Dataset entries:

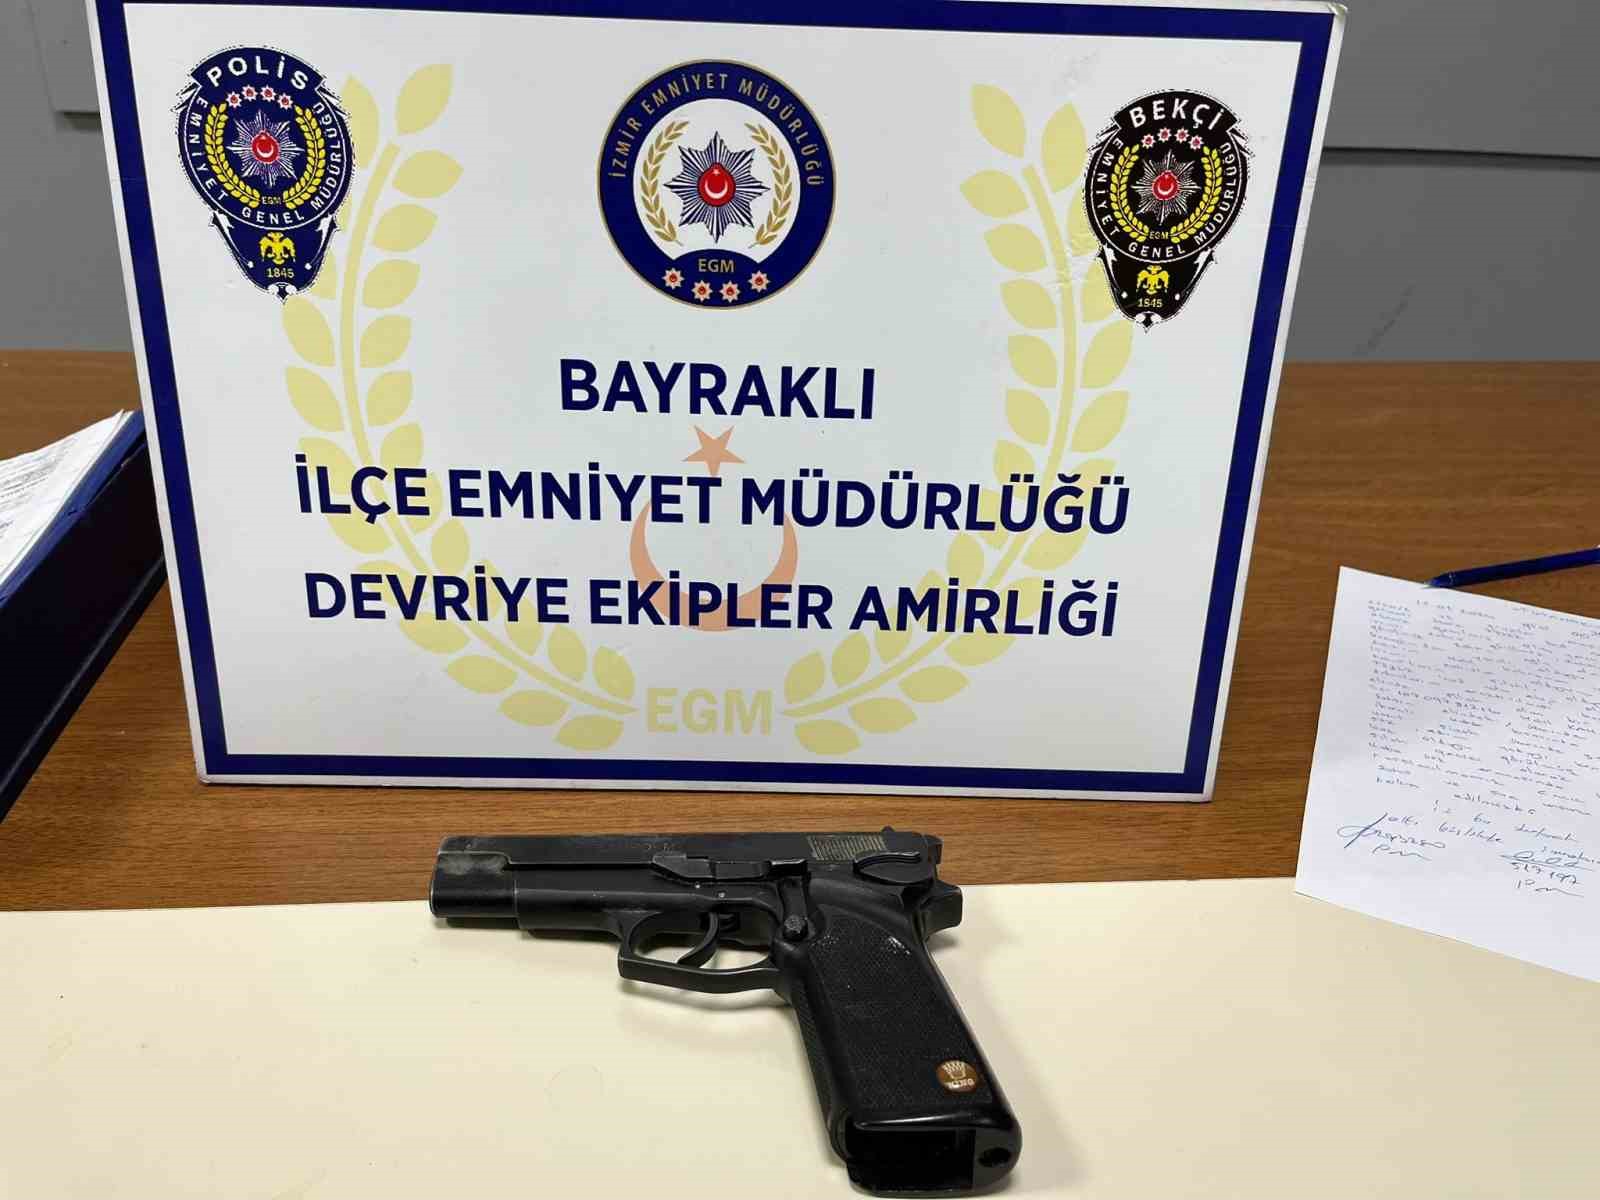 İzmir’de tabancayla yaralanan 2 kişiyi gözaltına alan çocuk, polis tarafından yakalandı.
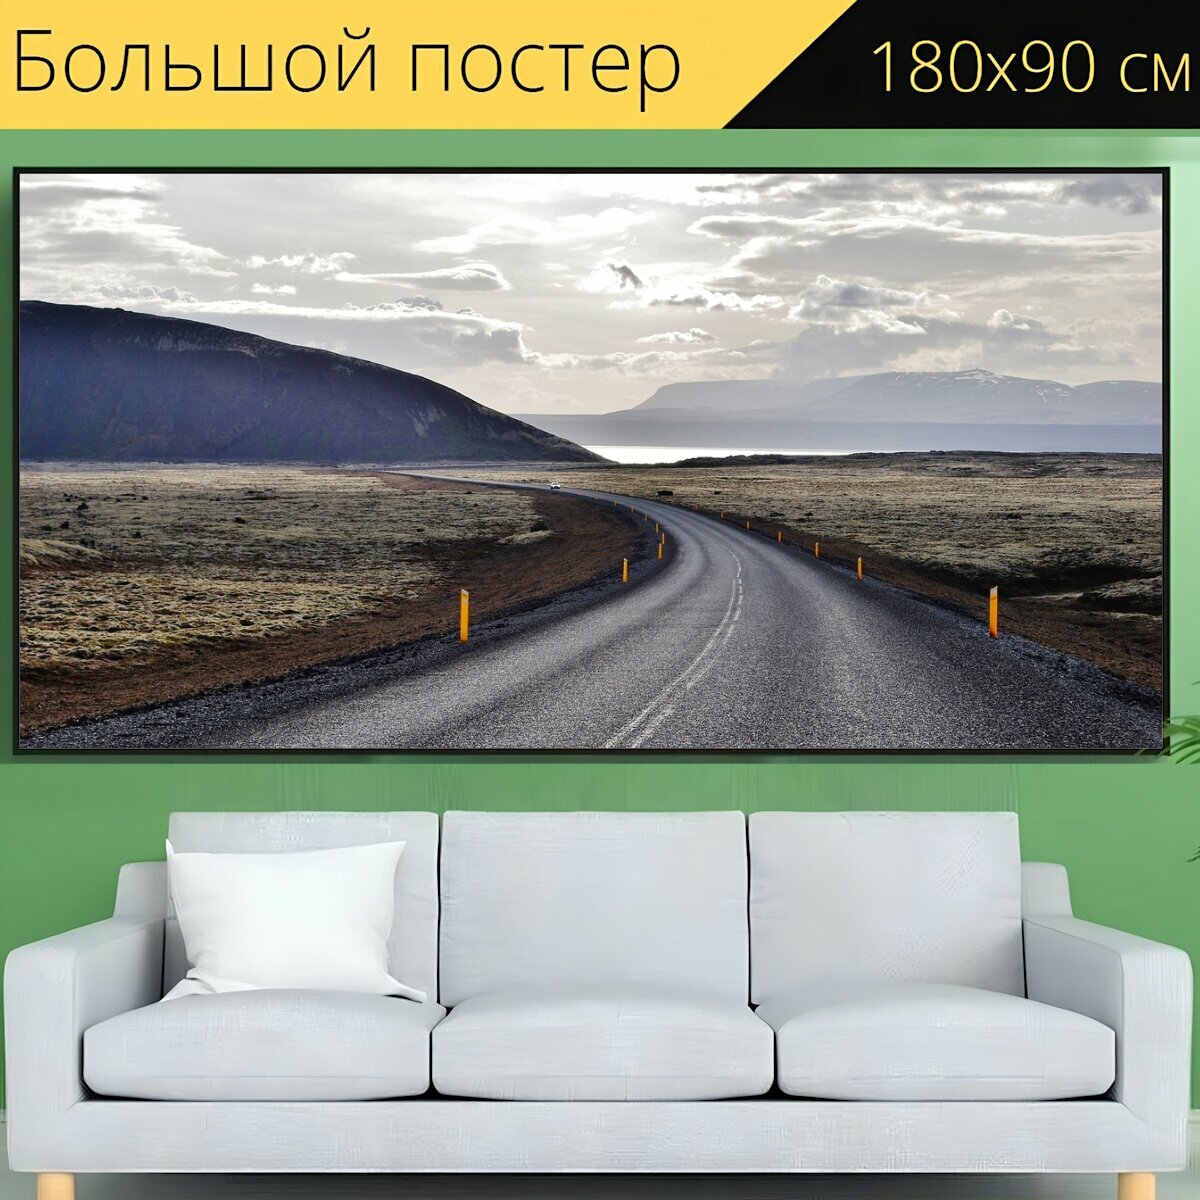 Большой постер "Дорога, панорамный, путешествовать" 180 x 90 см. для интерьера
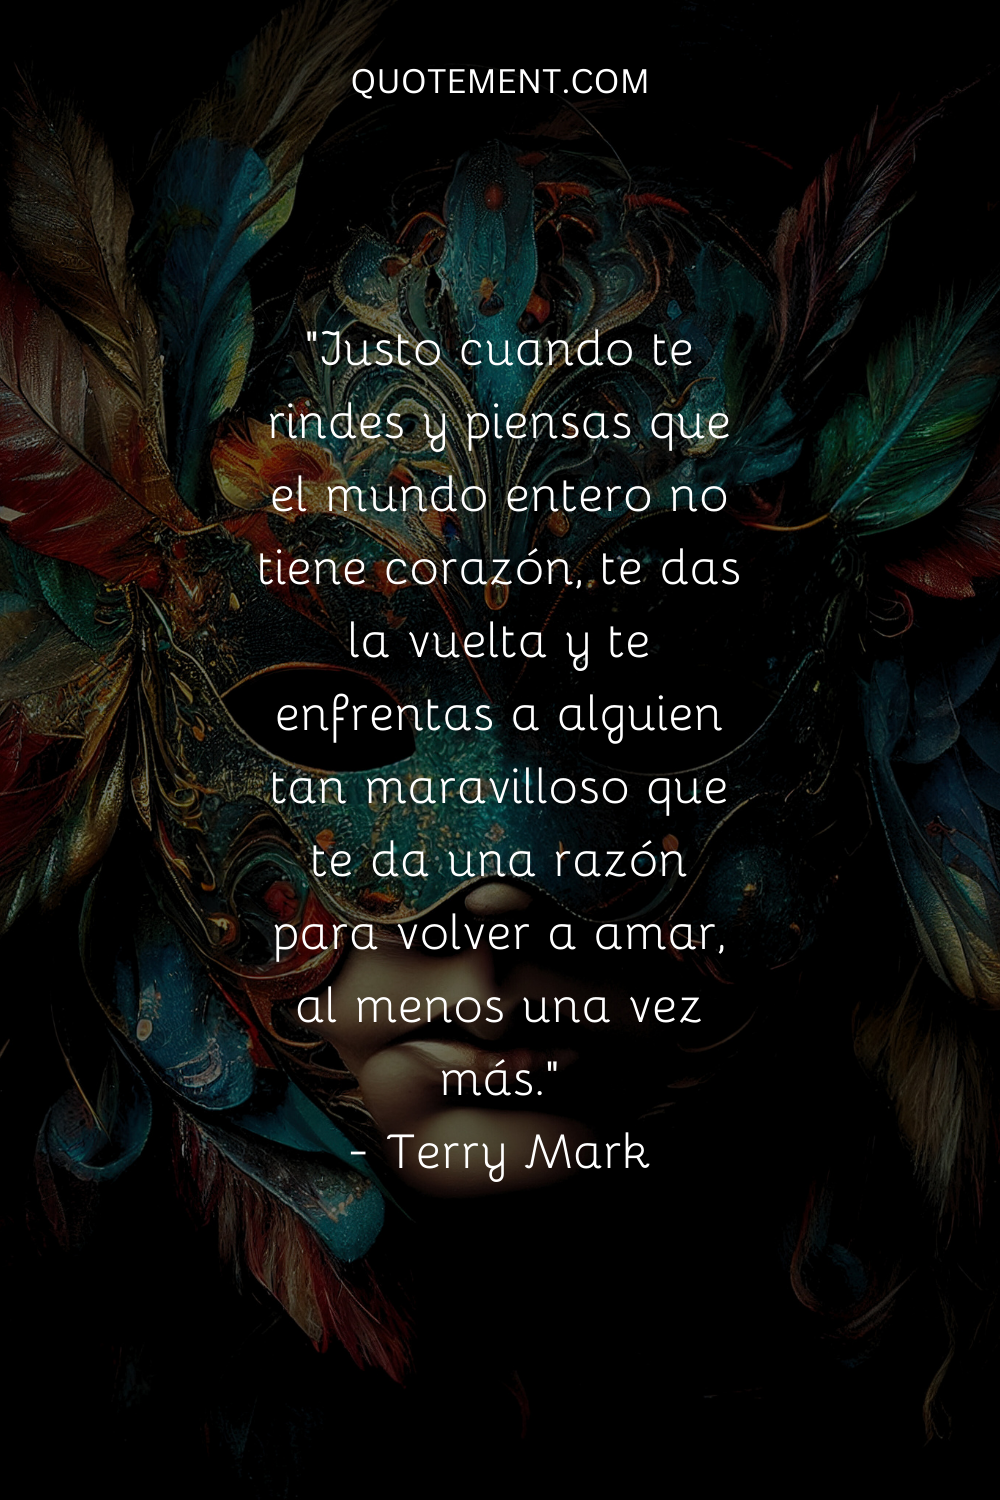 "Justo cuando te rindes y piensas que el mundo entero no tiene corazón, te das la vuelta y te enfrentas a alguien tan maravilloso que te da una razón para volver a amar, al menos una vez más". - Terry Mark
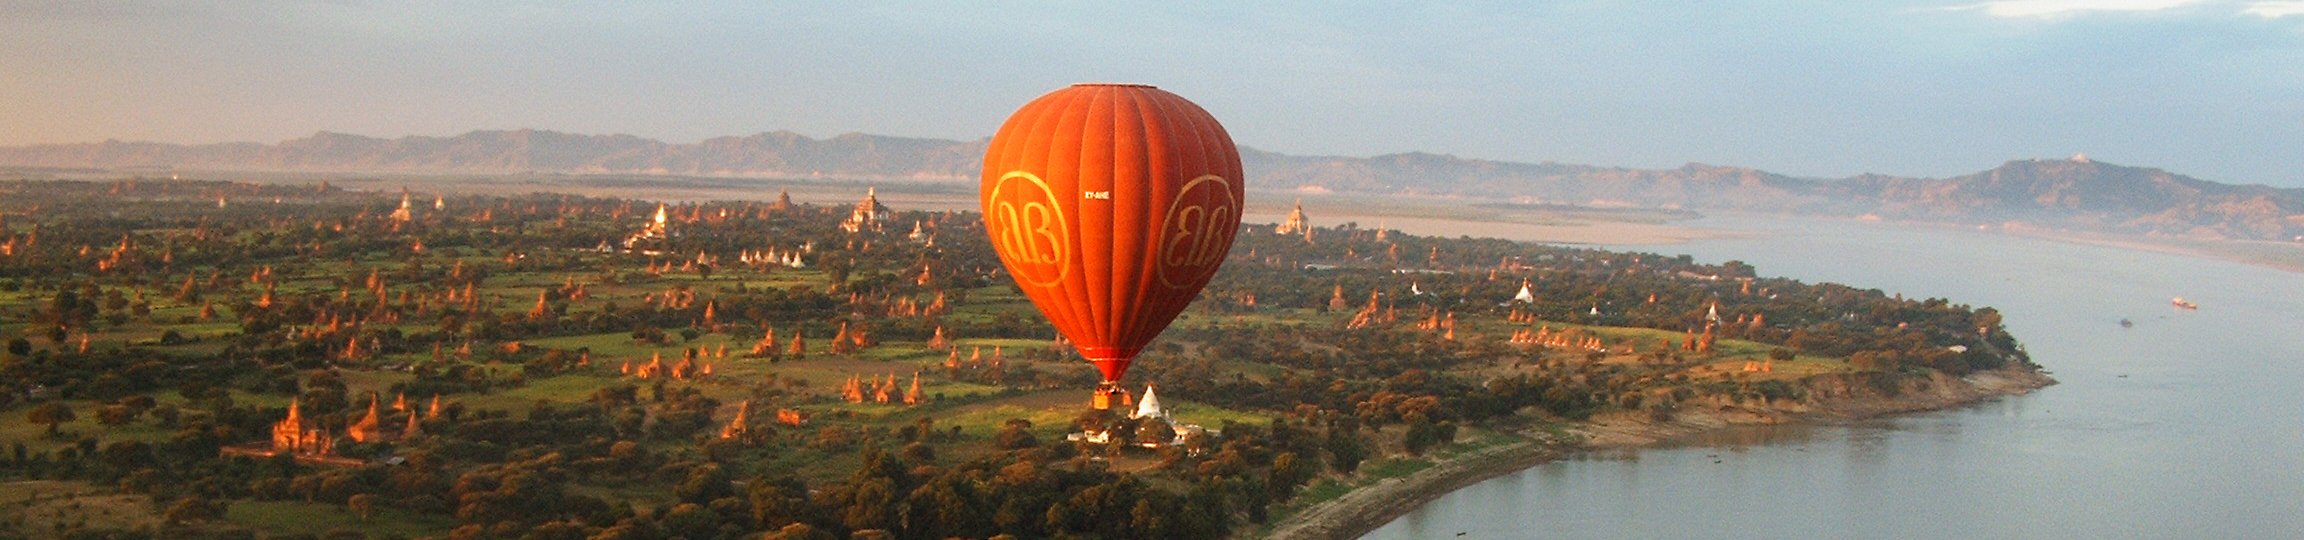 Image of Blissful Bagan
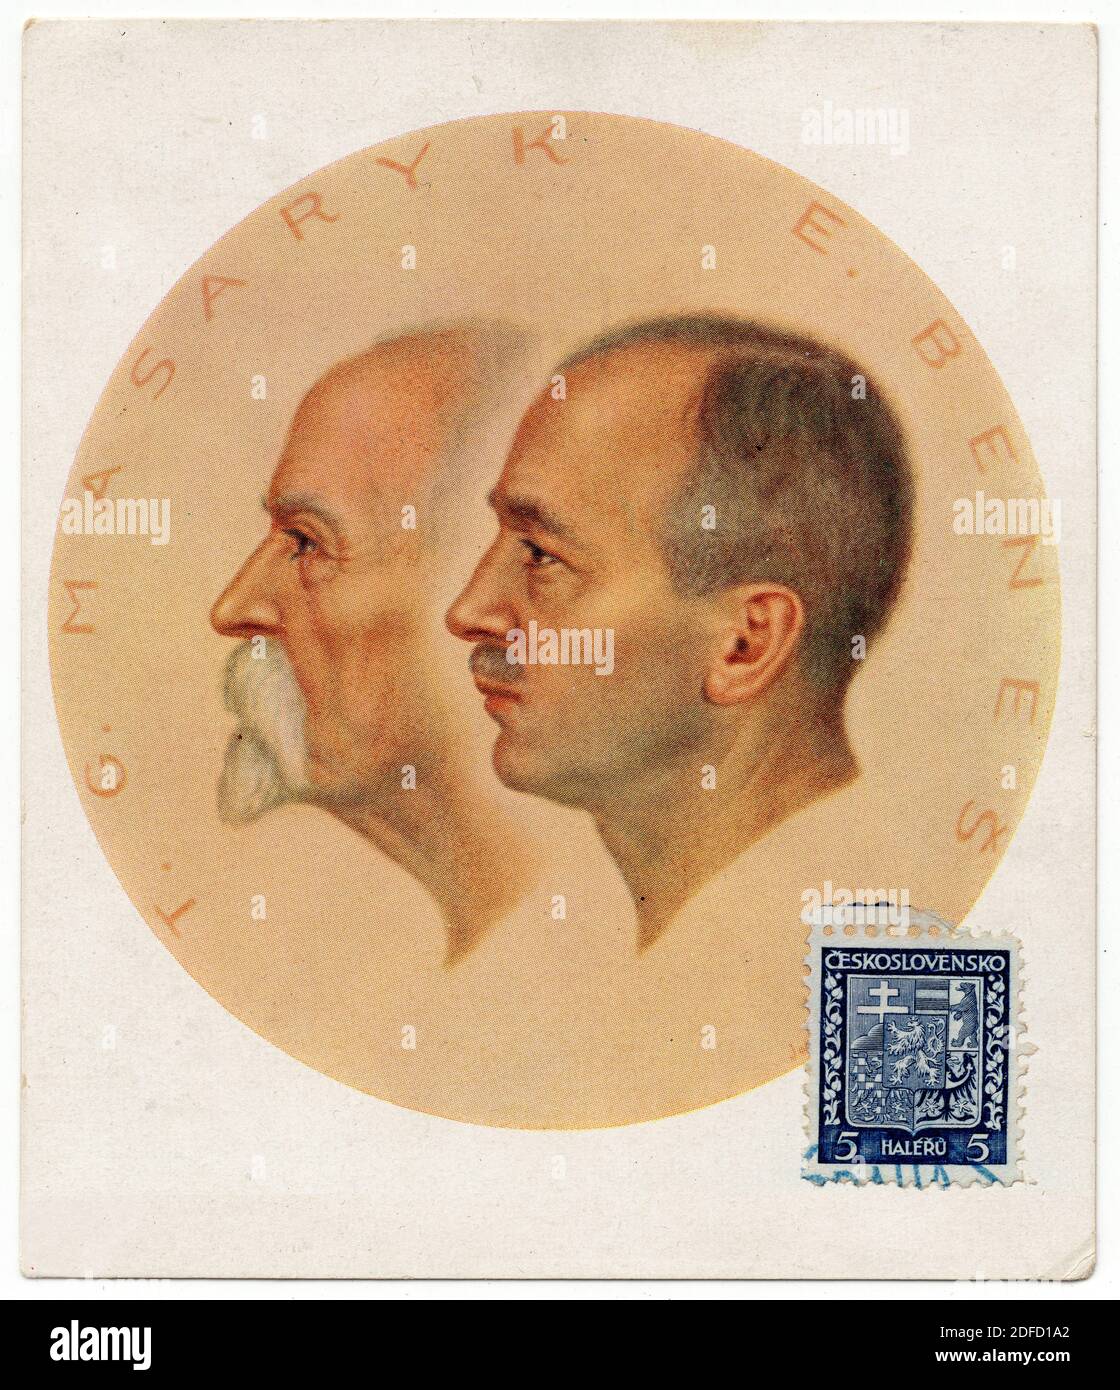 Les présidents tchécoslovaques Tomáš Garrigue Masaryk et Edvard Beneš sont représentés de gauche à droite dans le double portrait de l'artiste tchèque Jóža Bělohorský (1938) publié dans la carte postale tchécoslovaque d'époque à l'occasion du 20e anniversaire de l'indépendance de la Tchécoslovaquie. Courtoisie de la collection de cartes postales Azoor. Banque D'Images

= What is being asked =
Restate all entries above exactly, but not the images.

= Worked solution =
 İzmir’de tabancayla yaralanan 2 kişiyi gözaltına alan çocuk, polis tarafından yakalandı.
 Большой постер "Дорога, панорамный, путешествовать" 180 x 90 см. для интерьера
 "Justo cuando te rindes y piensas que el mundo entero no tiene corazón, te das la vuelta y te enfrentas a alguien tan maravilloso que te da una razón para volver a amar, al menos una vez más". - Terry Mark
 Image of Blissful Bagan
 Les présidents tchécoslovaques Tomáš Garrigue Masaryk et Edvard Beneš sont représentés de gauche à droite dans le double portrait de l'artiste tchèque Jóža Bělohorský (1938) publié dans la carte postale tchécoslovaque d'époque à l'occasion du 20e anniversaire de l'indépendance de la Tchécoslovaquie. Courtoisie de la collection de cartes postales Azoor. Banque D'Images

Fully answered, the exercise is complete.